Python for Bioinformatics: Chunks of sequence in Python

Saturday, January 23, 2010

Chunks of sequence in Python

I achieved enlightenment in Python this morning. It's quite exciting :)

I asked a question on Stack Overflow about generating "chunks" of sequence, which is an everyday thing in bioinformatics: a DNA seq -> groups of 3 nt per codon. I do this in a simple way (as discussed here). And one of the answers to this question (look for "chunks") is the same as my method but employs a generator.

However, many (most?) people prefer this solution (from the recipes section of the itertools docs)

def grouper(n, iterable, fillvalue=None):
    "grouper(3, 'ABCDEFG', 'x') --> ABC DEF Gxx"
    args = [iter(iterable)] * n
    return izip_longest(fillvalue=fillvalue, *args)
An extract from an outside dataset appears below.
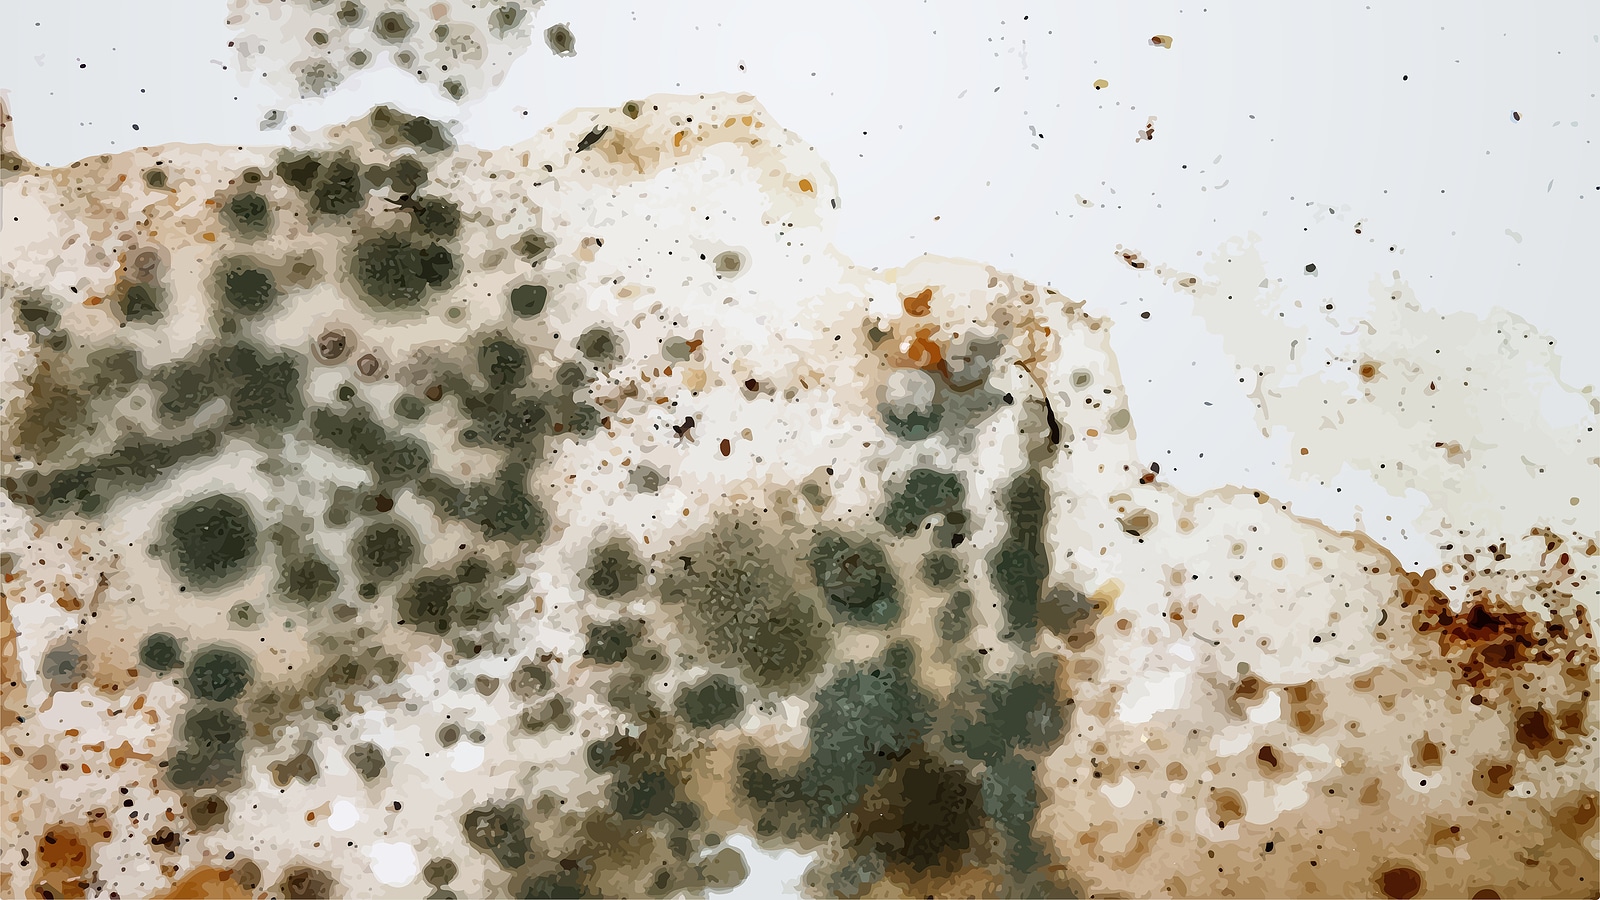 What Every Consumer Should Understand About Air Sampling for Mold

Where the docs for izip_longest (renamed zip_longest in Python 3) show this:

def izip_longest(*args, **kwds):
    # izip_longest('ABCD', 'xy', fillvalue='-') --> Ax By C- D-

I've been trying to understand how this works. On the first line of grouper we have:

args = [iter(iterable)] * n

>>> iter('abc')
<iterator object at 0x10048b890>

So we're just making an iterator out of the iterable thing (string, list, tuple, set ...), and putting n copies of the same object into a list. That's the key---multiple copies of the same object.

>>> for obj in [iter('abc')]*3:
...     print obj
... 
<iterator object at 0x10048b890>
<iterator object at 0x10048b890>
<iterator object at 0x10048b890>

The *args part is just Python-speak for being able to pass a list of arguments (whose length isn't specified) into a function and then have Python "unpack" the arguments and use them. You can't look at what *args does directly, but only as part of a function's arguments:

>>> *[iter('abc')]*3
  File "", line 1
    *[iter('abc')]*3
    ^
SyntaxError: invalid syntax

>>> def popper(*args):
...     for e in args:
...         print e.next()
... 
>>> popper(*[iter('abc')]*3)
a
b
c

So... when we feed izip_longest multiple copies of the same iterator object in a list, and it tries to do its thing:

izip_longest(*args)

To make the first "group", it starts by grabbing the first element in our <iterator object at 0x10048b890>, giving 'a', plus the first element from <iterator object at 0x10048b890>, which now gives 'b', plus the first element from <iterator object at 0x10048b890>, which gives 'c'.

Popping the "first" element from the same iterator object a second time gives the second element, because the first is already gone.

Don't know how clear that is to you, but it makes sense to me now. The key is multiples of the same iterator object.